→ **Problem**
For this task, copy all of the data below exactly and skip the pictures.

→ **Data below**
::::
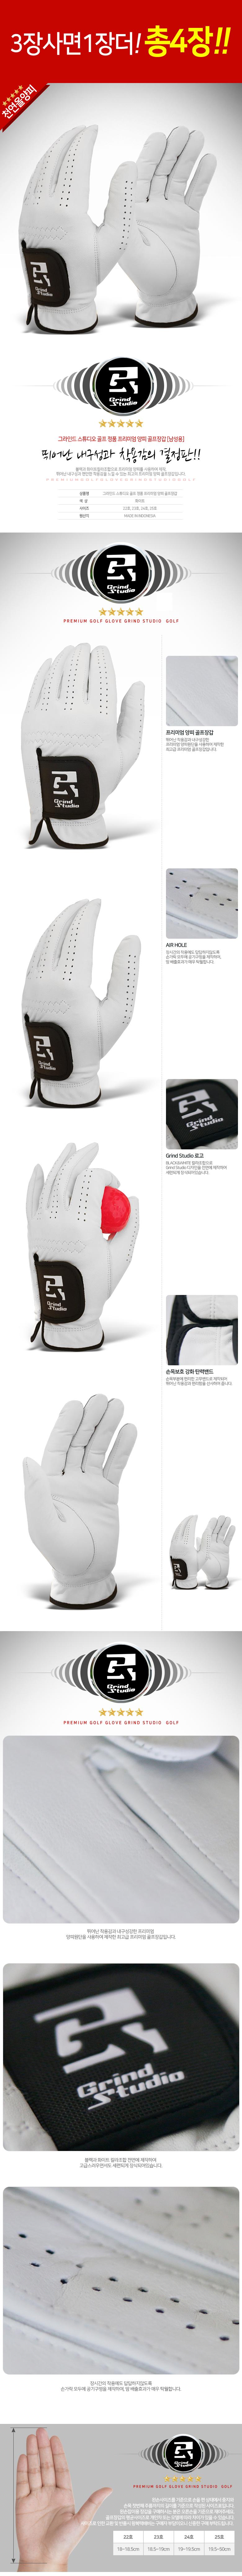 glove_4set.jpg
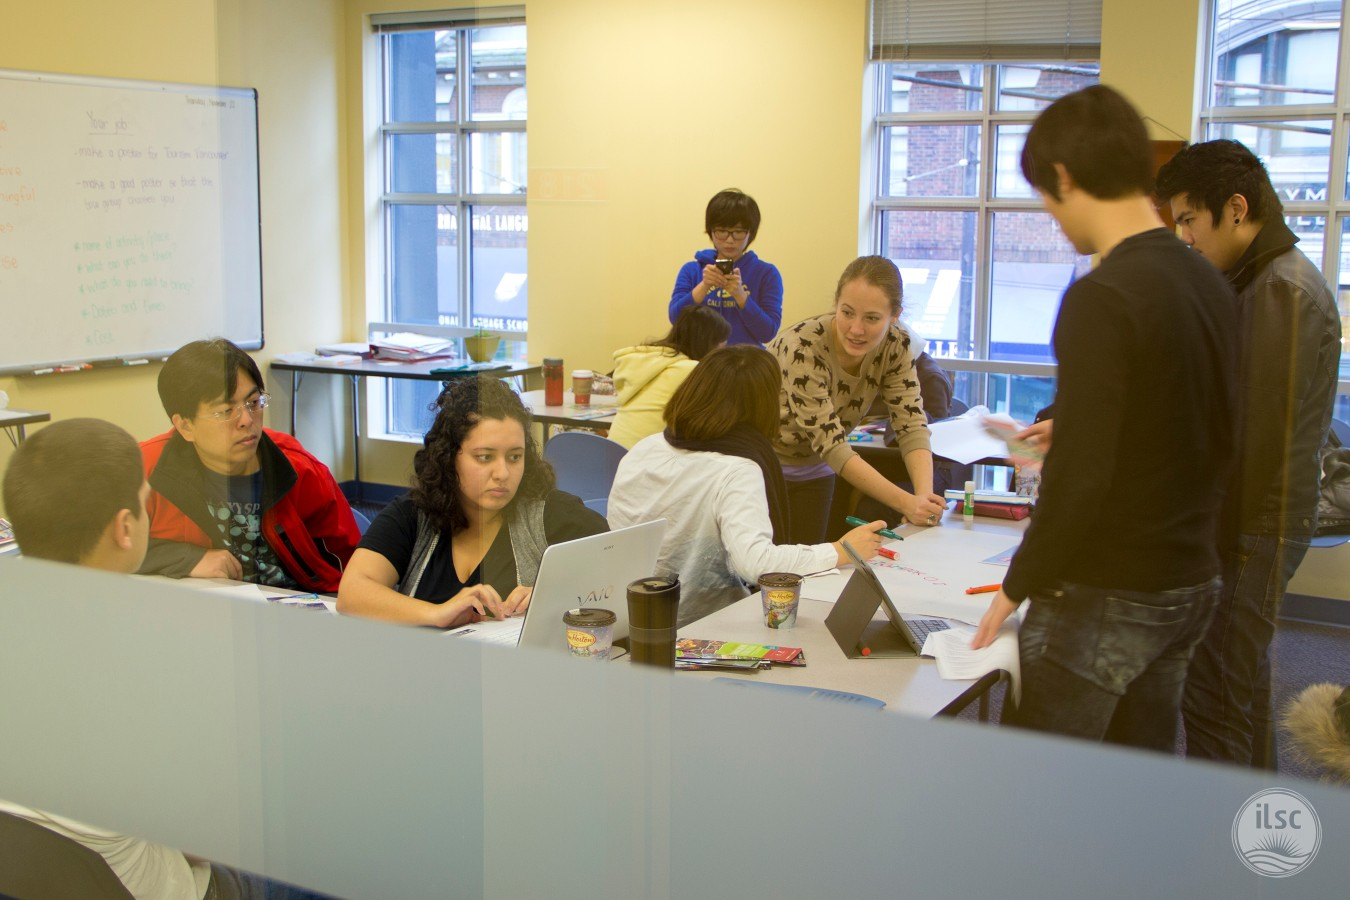 -agentsite-photo-list-ILSC-Vancouver-06_Classroom_04
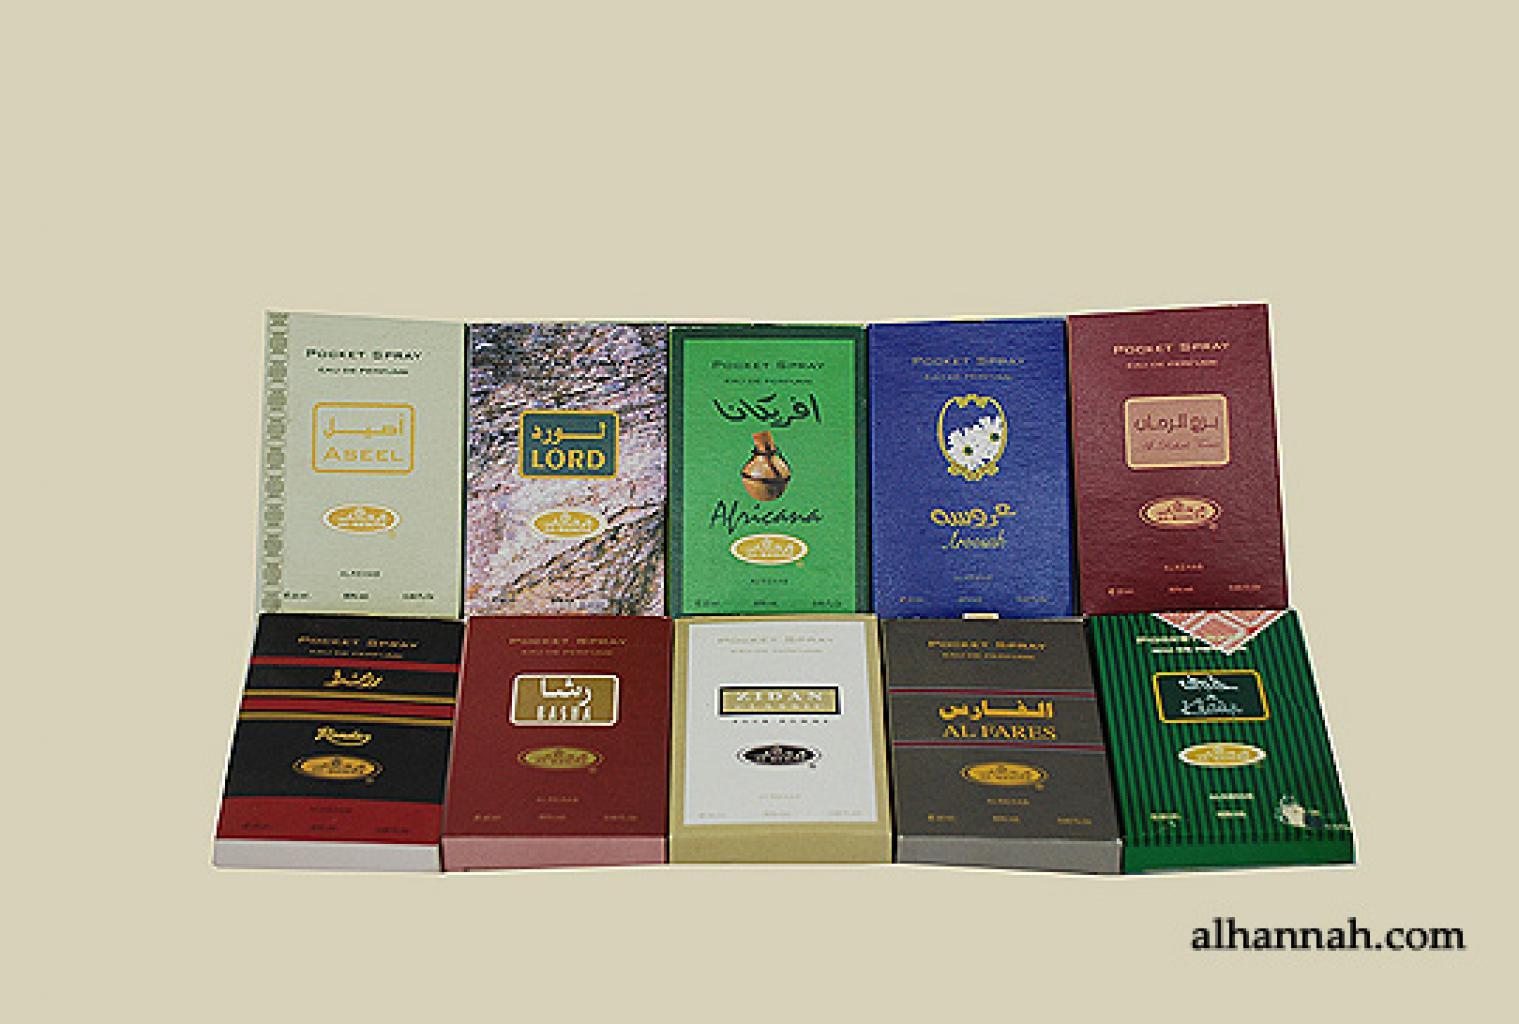 Al Rehab Pocket Spray Perfume in286
::::
→ **Result of the task**
 glove_4set.jpg
 -agentsite-photo-list-ILSC-Vancouver-06_Classroom_04
 Al Rehab Pocket Spray Perfume in286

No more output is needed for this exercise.